Finanzielle Anreize bergen leider auch die Gefahr, nicht geeignete Personen zu motivieren, was wiederum zu sinkender Pflegequalität führen und die Gesundheits- und Prämienkosten weiter steigen lässt.
Die SVP-Fraktion findet es aber auch grundsätzlich fragwürdig, für eine einzelne Berufsgattung weitere Ausbildungsbeiträge an die Kantone auszurichten. Denn auch in vielen anderen Berufssparten, zum Beispiel bei den Ingenieuren oder eben auch in Berufen, in denen strenge körperliche Arbeit gefordert wird, besteht Fachkräftemangel. Ich denke an die Baubranche, die Landschaftsgärtner oder auch an die Gastronomie. Wo körperliche Arbeit zu nicht immer angenehmen Bedingungen gefordert ist, haben auch andere Berufsbranchen zu kämpfen.
Zudem greifen die Vorschriften zum einen bezüglich der Bereitstellung und Finanzierung von Ausbildungsplätzen in die kantonale Autonomie ein und stehen damit im Widerspruch zu den verfassungsrechtlichen Prinzipien der Subsidiarität und der fiskalischen Äquivalenz. Zum andern führen sie für den Bund zu hohen Kosten in einem Bereich, wo die Kantone und die Branchen zuständig sind.

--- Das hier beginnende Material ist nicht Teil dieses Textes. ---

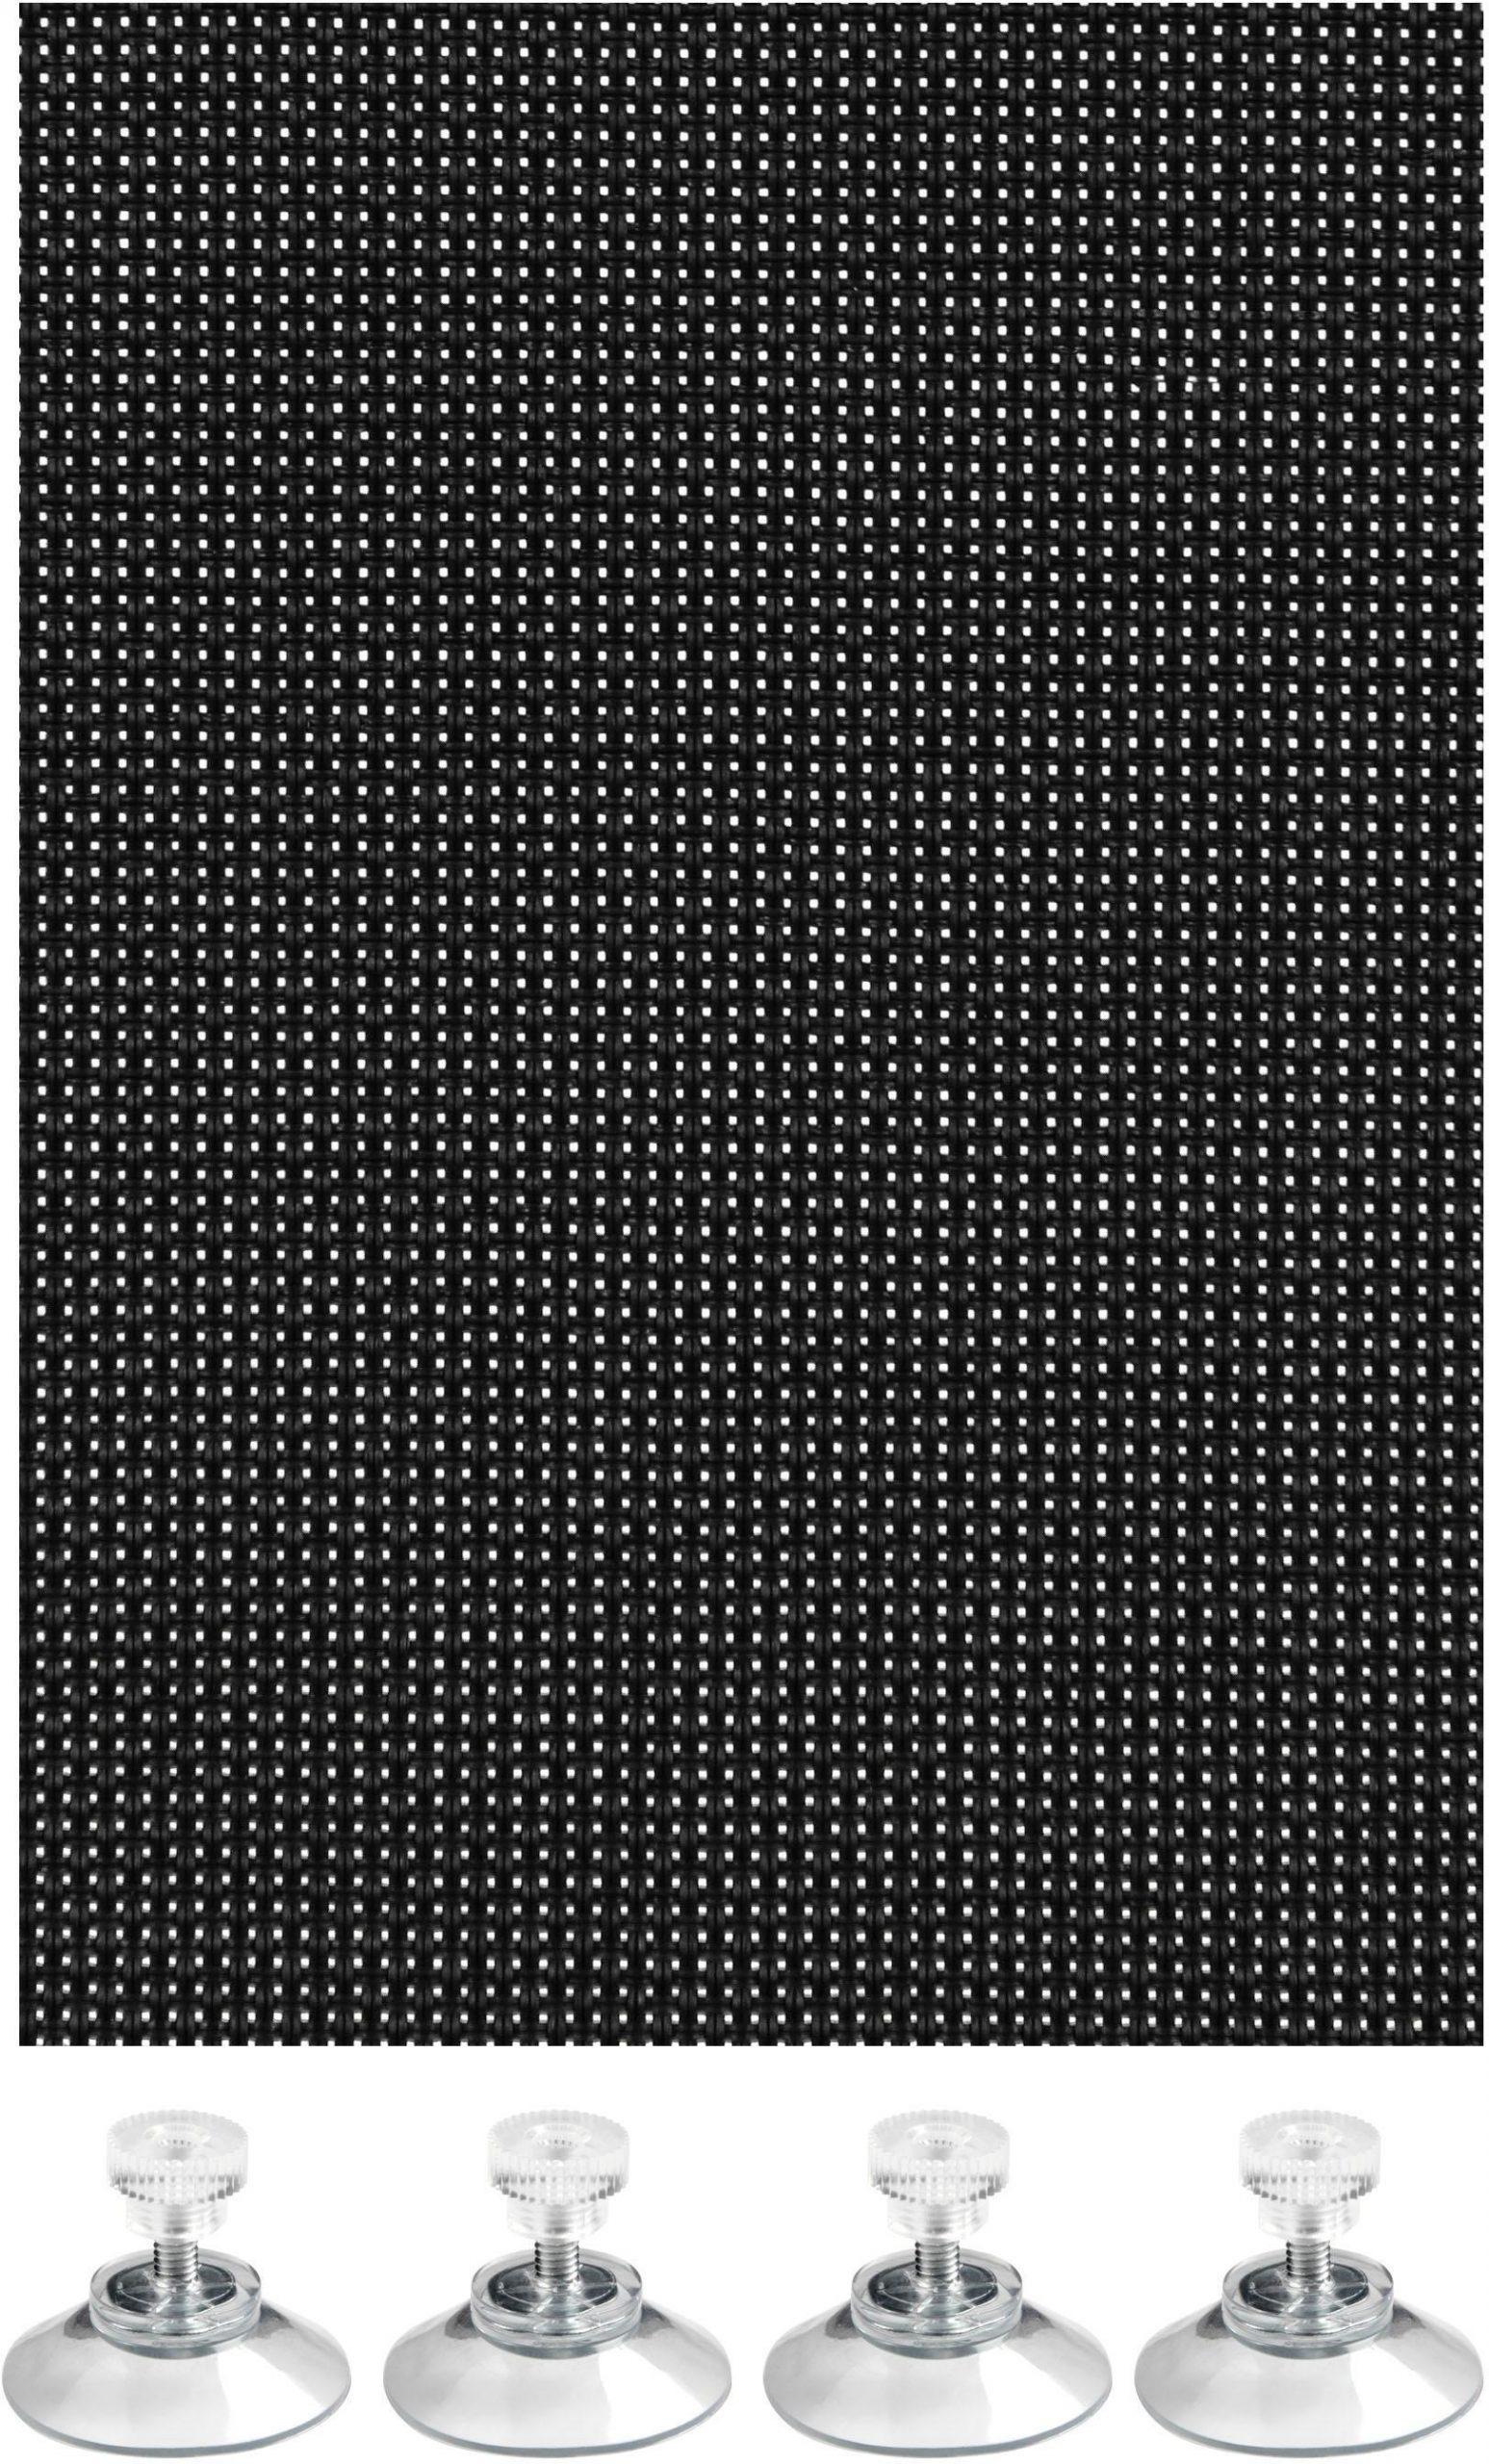 Full Size of Sonnenschutz Fenster Mit Rolladen Abus Austauschen Kosten Sichtschutzfolie Sonnenschutzfolie Fliegennetz Polen Weru Preise Konfigurieren Sicherheitsbeschläge Fenster Sonnenschutz Fenster

Die SVP-Fraktion beantragt aus genannten Gründen, weder auf den Bundesbeschluss über Finanzhilfen zur Förderung der Ausbildung im Bereich der Pflege, noch auf den Bundesbeschluss über die Erhöhung der Ausbildungsabschlüsse in Pflege an den kantonalen Fachhochschulen und auch nicht auf den Bundesbeschluss über Finanzhilfen zur Förderung der Effizienz in der medizinischen Grundversorgung, insbesondere der Interprofessionalität, einzutreten. Interprofessionalität und Effizienz sollten in jedem Betrieb und auch in der Zusammenarbeit zwischen den verschiedenen Playern eine Selbstverständlichkeit sein. Mit diesen Beschlüssen werden die wirklichen Probleme nicht gelöst, und wie schon erwähnt, wurden von Bund und Kantonen verschiedenste Massnahmen eingeleitet.
Die SVP-Fraktion bittet Sie deshalb, den Nichteintretensantrag zu unterstützen und ebenfalls, die Bundesbeschlüsse nicht anzunehmen.